第五十七回虬龙棒巧破锁口鞭(第4/6页)

柳逢春容这三个夜行人到了里面,低声向司马寿昌道:“咱们进店,我看这三人好似咱们的人。我恍惚见他们临进店房,似把鬓旁的白鹅翎撤下来,我们不管他是不是,索性先回到屋里再说。”

司马寿昌点头道好,两人先向四下察看了察看,见没有别的动静,遂立刻各把鬓旁的白鹅翎摘下来,纳入怀中。

因为已知店中卧底的贼人全离开店房,不用再防和贼人动手,倒得防备店家。

万一被更夫坐夜的碰上,鬓上的白鹅翎虽是在黑影里,也容易看见。

鬓边没有标记,就是暗中有人潜伏,也易于措辞。

这时两人先后飞身进店,见店里这时仍然黑暗暗的,可是二人已感出各屋客人全惊吓得不约而同的伏身在窗内,往外偷察上房的动静。

二人仍然故作不知,直奔上房,上房屋中也是提灯守护。

二人才登屋门前的台阶,随听得避风门吱呀一响,有人探着身子,低声招呼道:“喂!柳老师,你回来了么?快请进来。”

太极柳逢春和司马寿昌二人赶紧走进屋中。

这时屋中也由孙玉岗晃火折子把灯点着,司马寿昌和太极柳逢春二人一看,原来所有出去追贼的镖师们全赶回来。

这班武师正在低声商议着,振威镖师伍宗义,也正在愁眉不展的和大家谈论着经过。

这时彼此一互述追喊的情形,这几拨人所见大致相同。

有的是被那匪徒诱得在这百福驿转了一周,有的就是被那瘦老头引诱得在这店房一带空追了一阵,连这瘦老头的面貌全没看出。

只是这其中就是振威伍镖主,却和这江湖怪客矮瘦的者头很动了会子手,两下因为全没把自己的行径说出,两下又没亮兵刃,更因这瘦老头武功精湛,掌锋劲疾,可是行拳过招,颇有退让之意,自己倒辨不清是敌是友。

那瘦老头竟自轻描淡写的说了声;“要想保全振威的牌匾.到独松关等我,管保还你个原镖不短分毫;不听我良言相劝,你们再想保全威名,只怕势比登天。
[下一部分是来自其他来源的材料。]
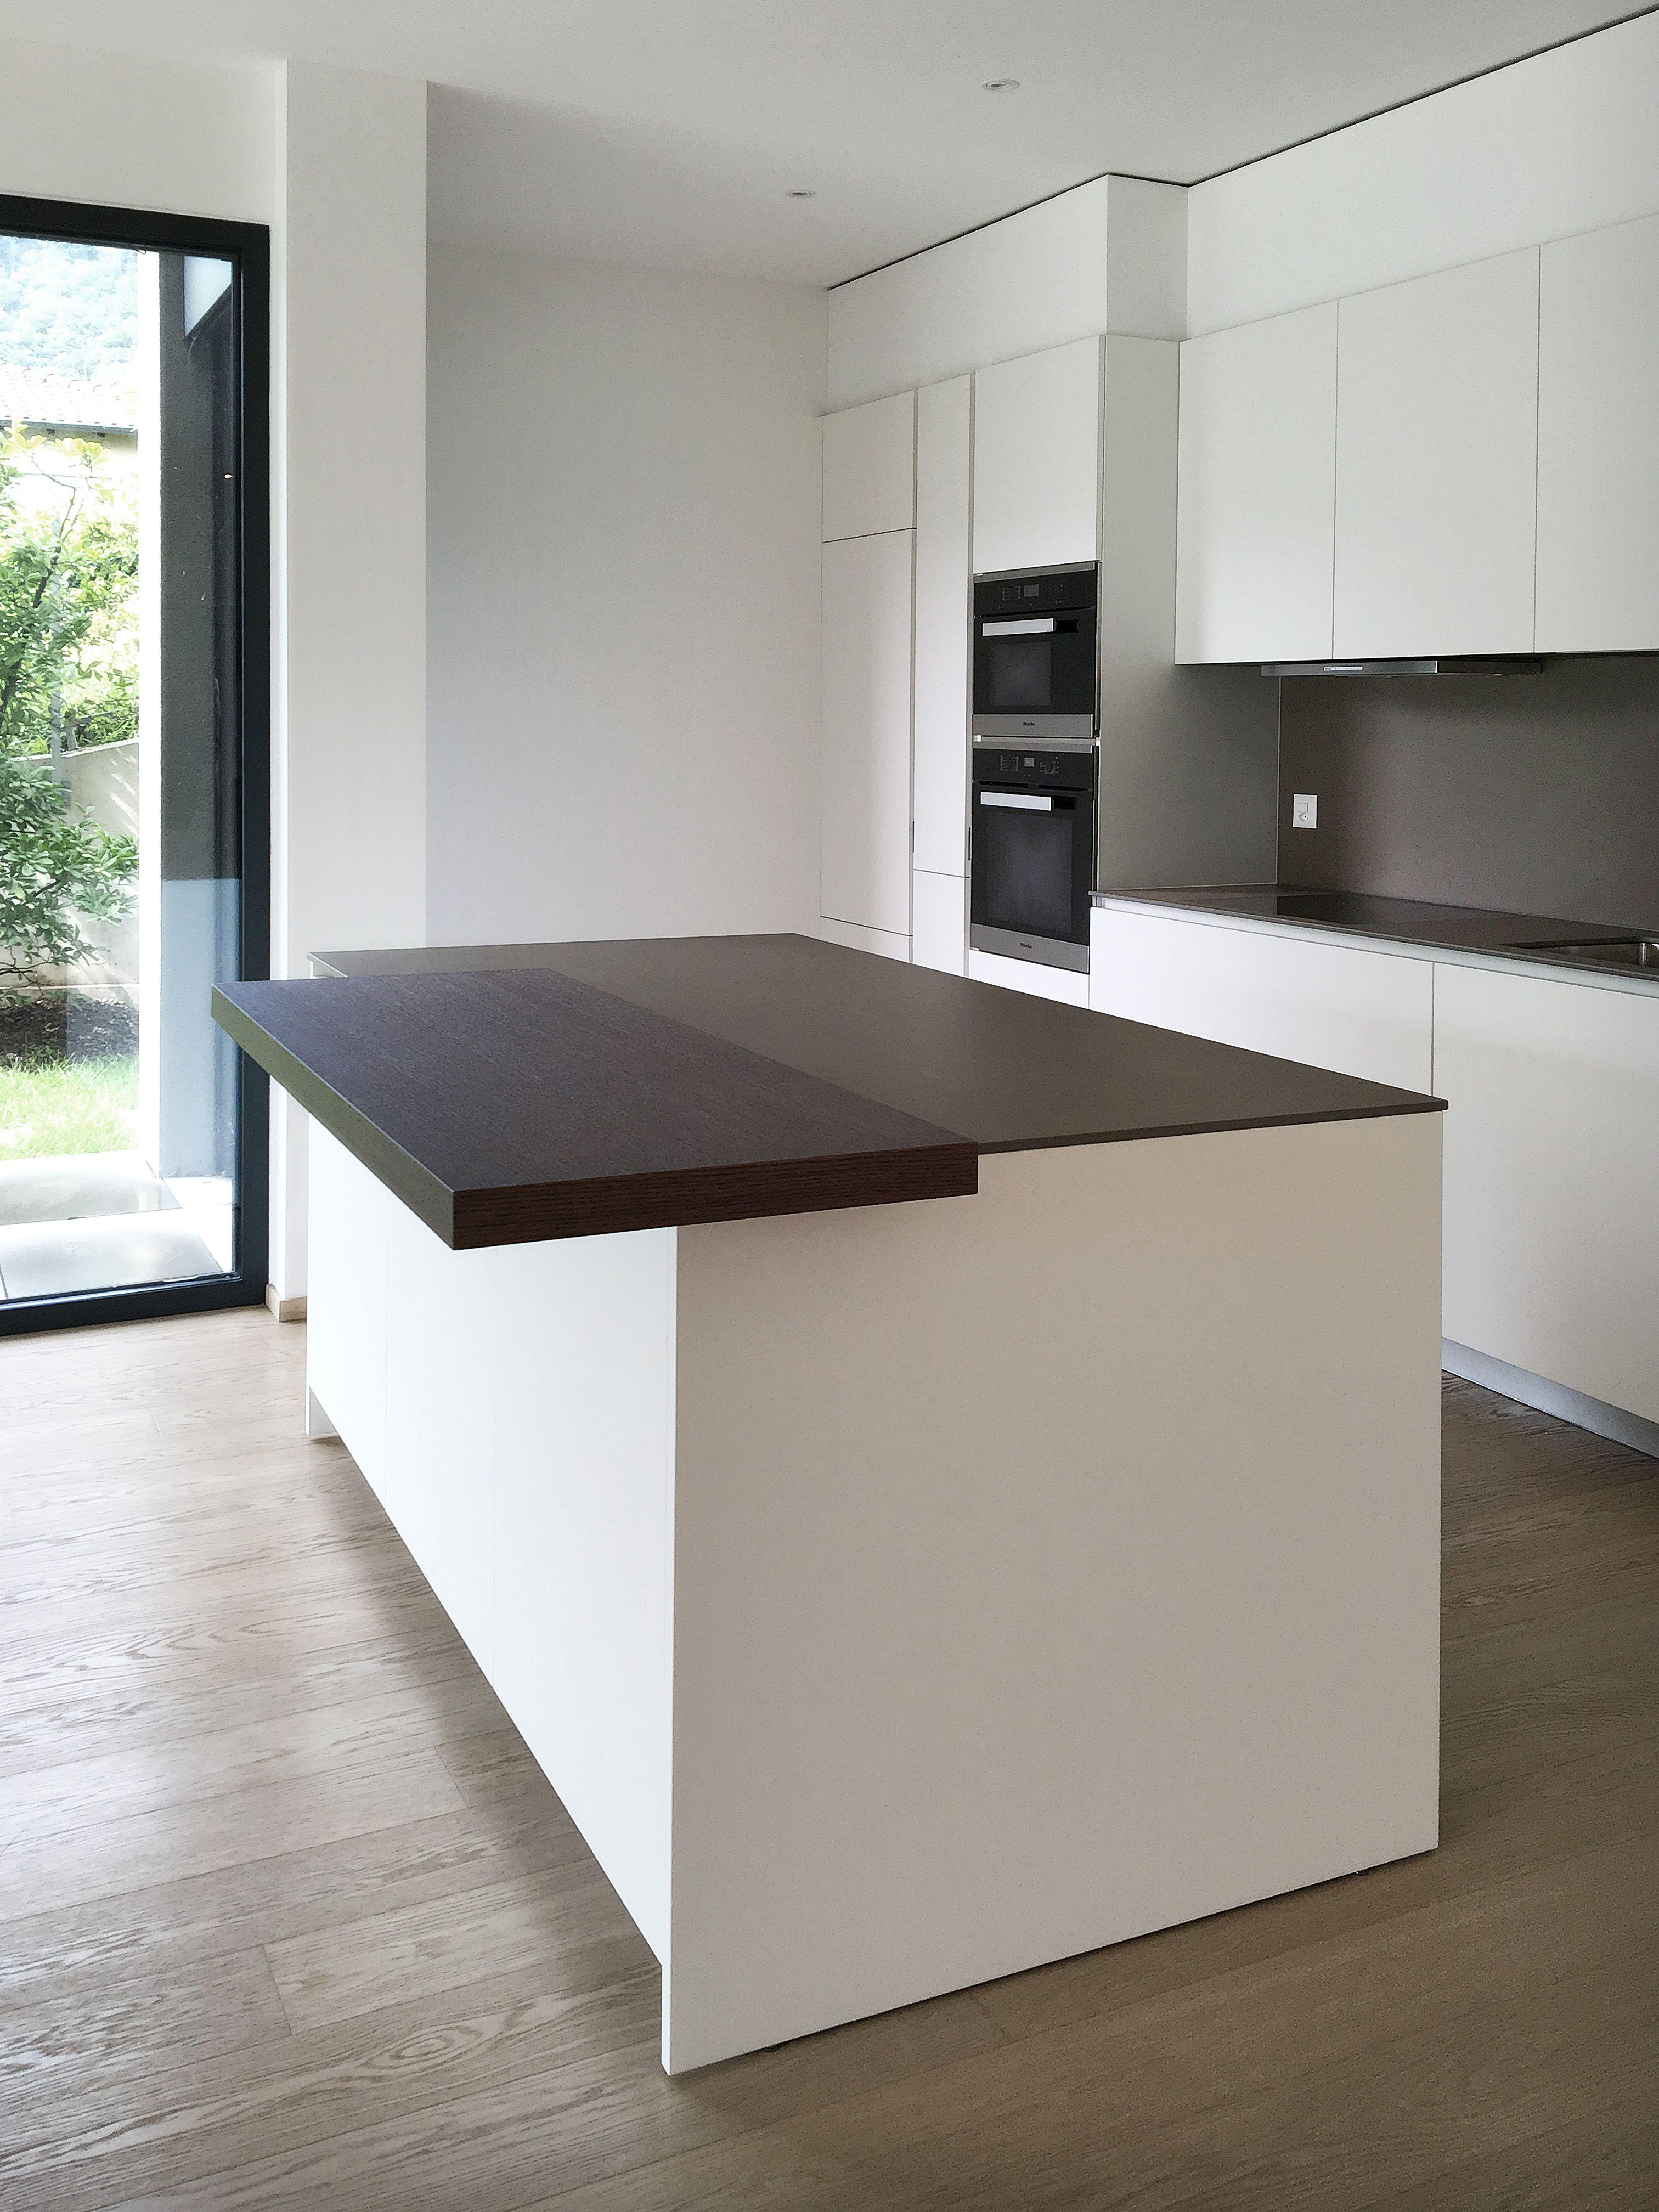 Cucina design Varenna Poliform laccata bianca con piano in ceramica ...

伍朋友,你就赶紧回店保护未失去的红货吧!”

当时江南镖客以为自己闯荡江湖十几年,今夜居然这么栽在这,实不甘服。

暗中这位不肯亮万的江湖异人,虽然他口称拔刀相助,叫自己到独松关等侯,要把自己所已失的红货原回,自己总不能那么信以为真。

万一此人成心戏弄自己,自己饶栽了跟头,还给江湖留了无穷的笑柄。

想到这层,自己遂向这位江湖豪客追问姓名,这人似乎有些愤怒,带着老前辈的口吻道:“我老头子寄身草野,游戏江湖,历来好管这种不叫人承情的事。你要问我的出身来历,我又不和你结盟拜把子,干甚么紧自追问。我老头子没有工夫和你叙家谱,你回去问问姓祝的小子,他自会告诉你一切……”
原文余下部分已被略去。